§ **EXERCISE**:
Although the records contain pictures, none belong in the copy: restate word for word only the lines from the one with "Victory for Sadiq" through the one with "Psychological Assessment for Employment", both included.

§ **SOURCE DATA**:
::::::::

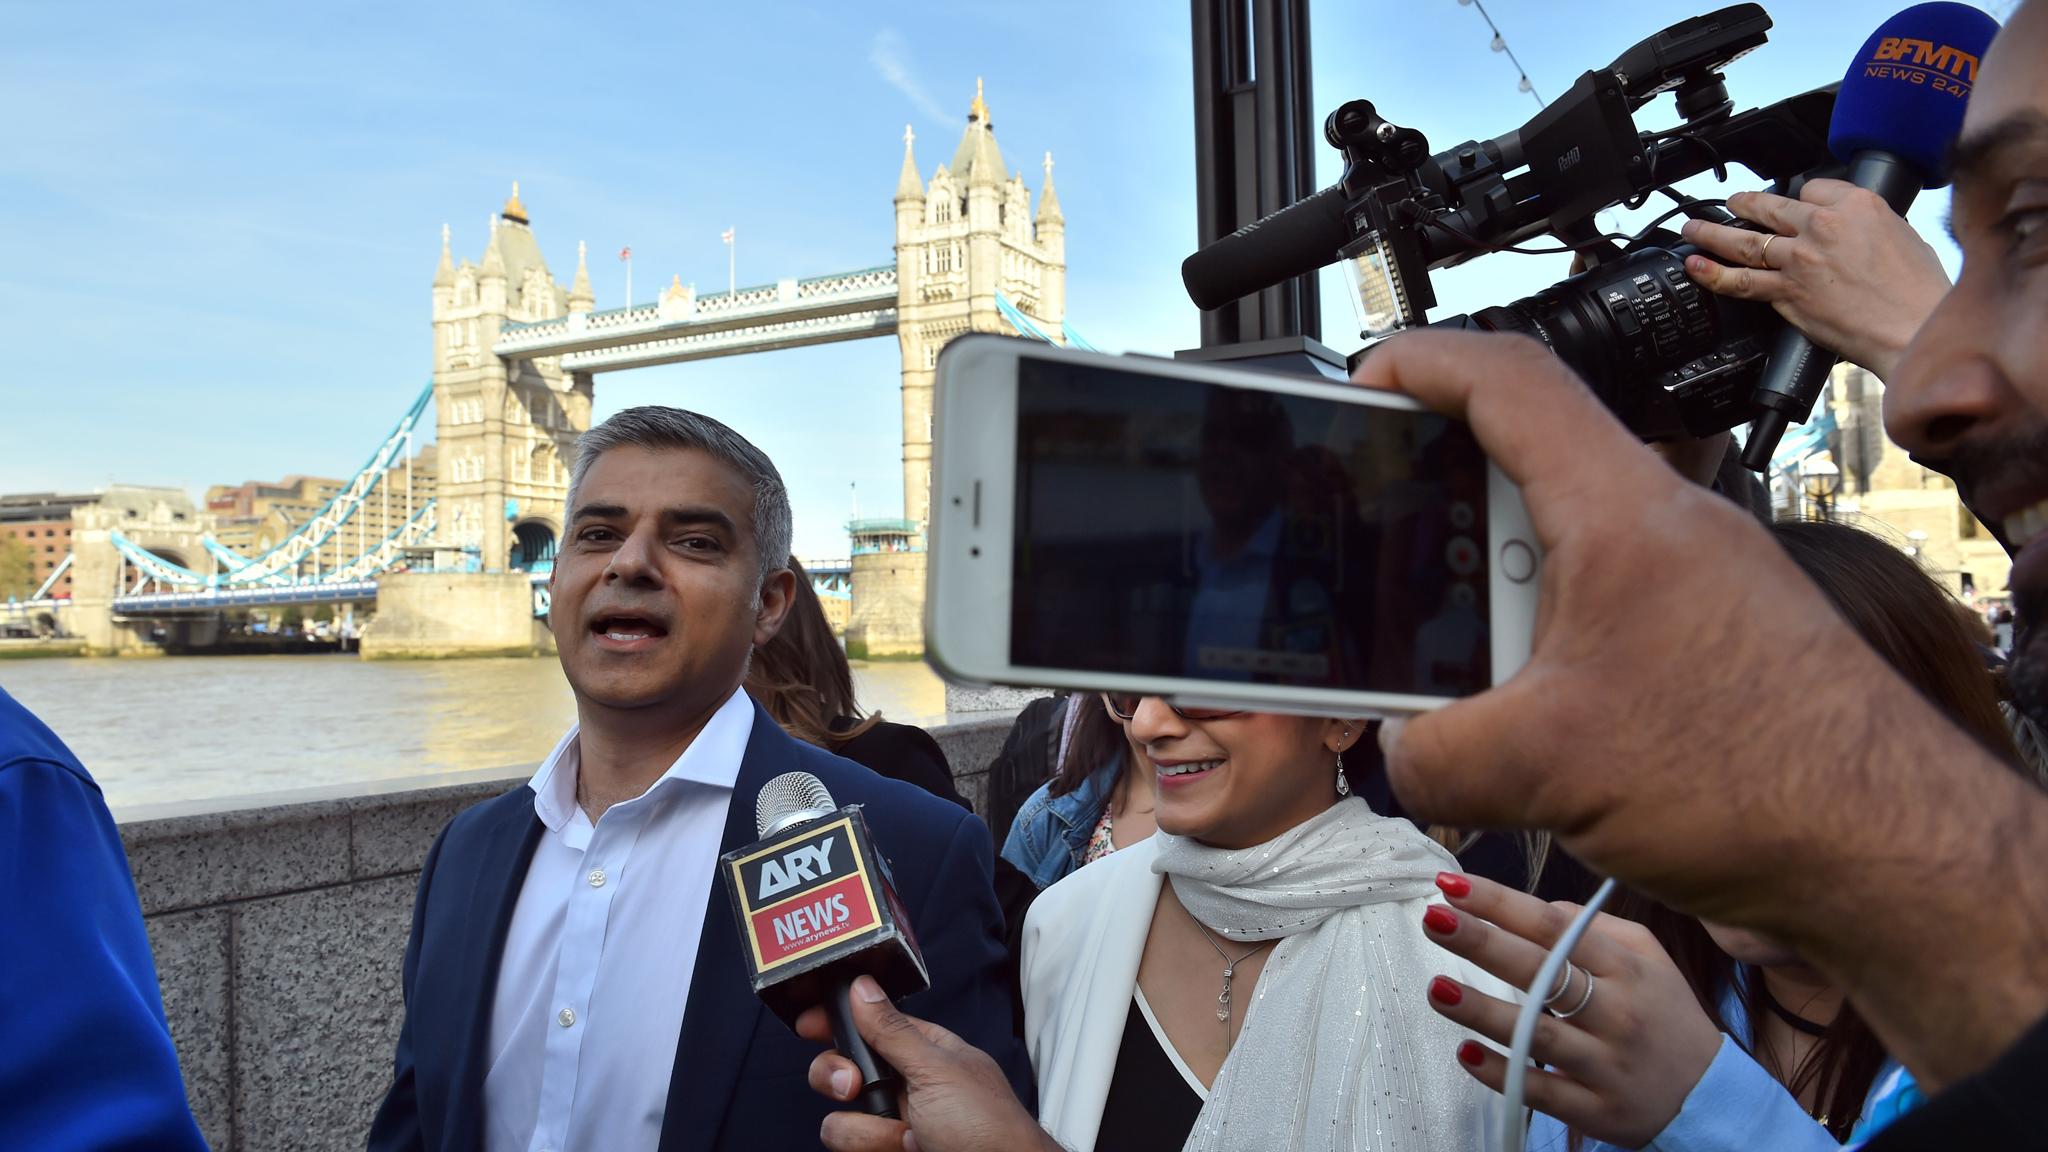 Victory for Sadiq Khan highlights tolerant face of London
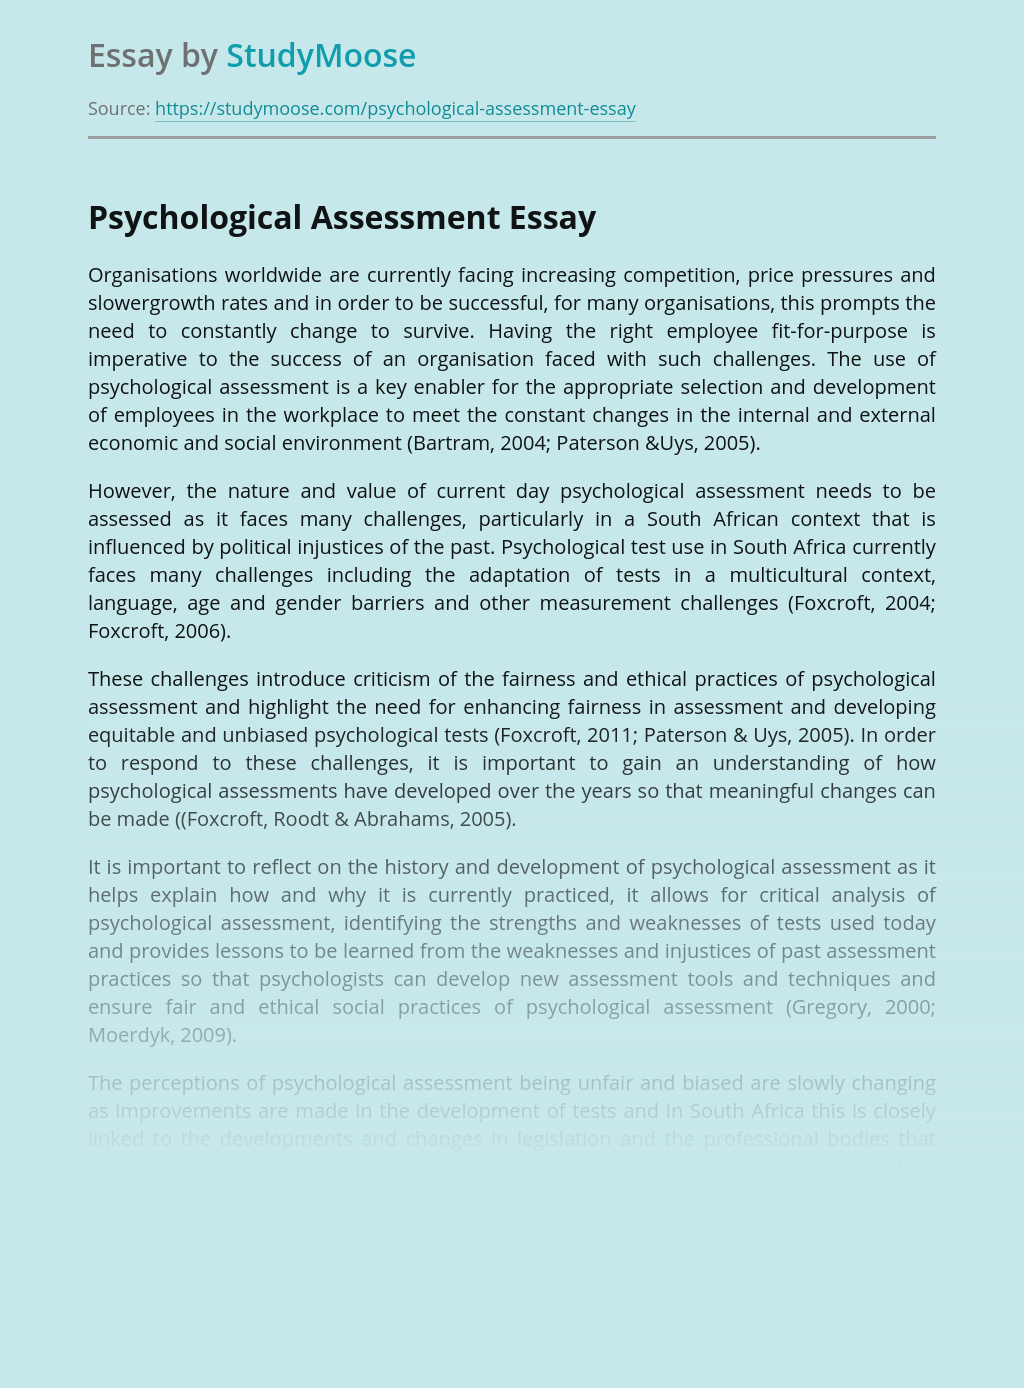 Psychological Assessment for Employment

::::::::

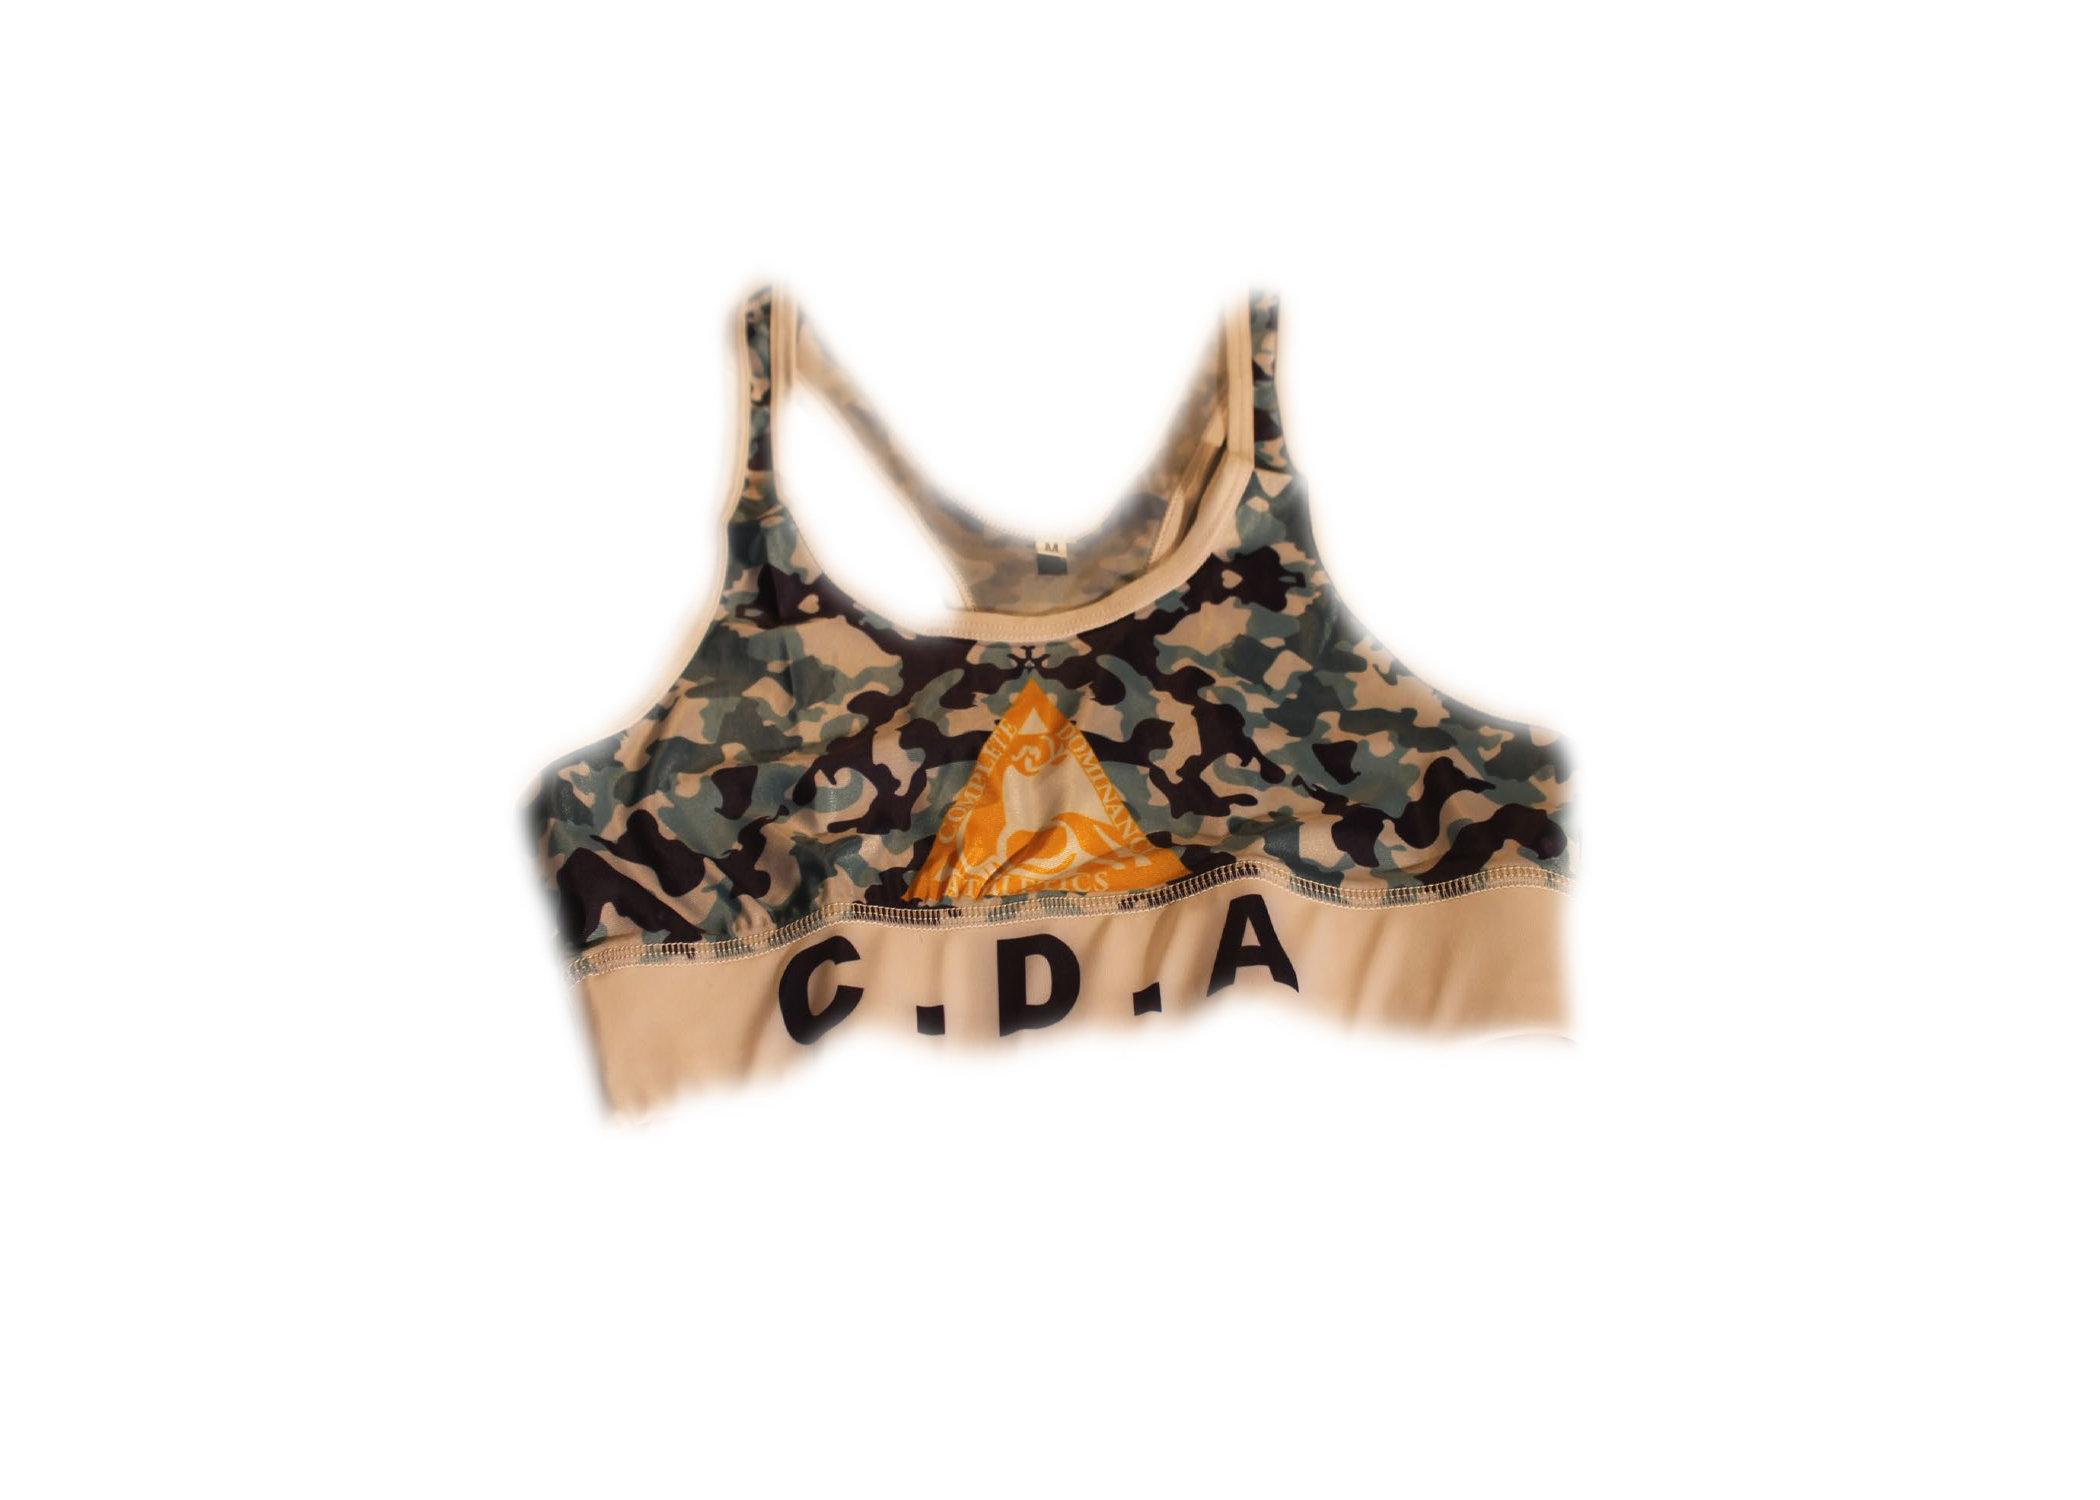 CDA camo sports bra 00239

::::::::

§ **WRITTEN RESPONSE**:
 Victory for Sadiq Khan highlights tolerant face of London
 Psychological Assessment for Employment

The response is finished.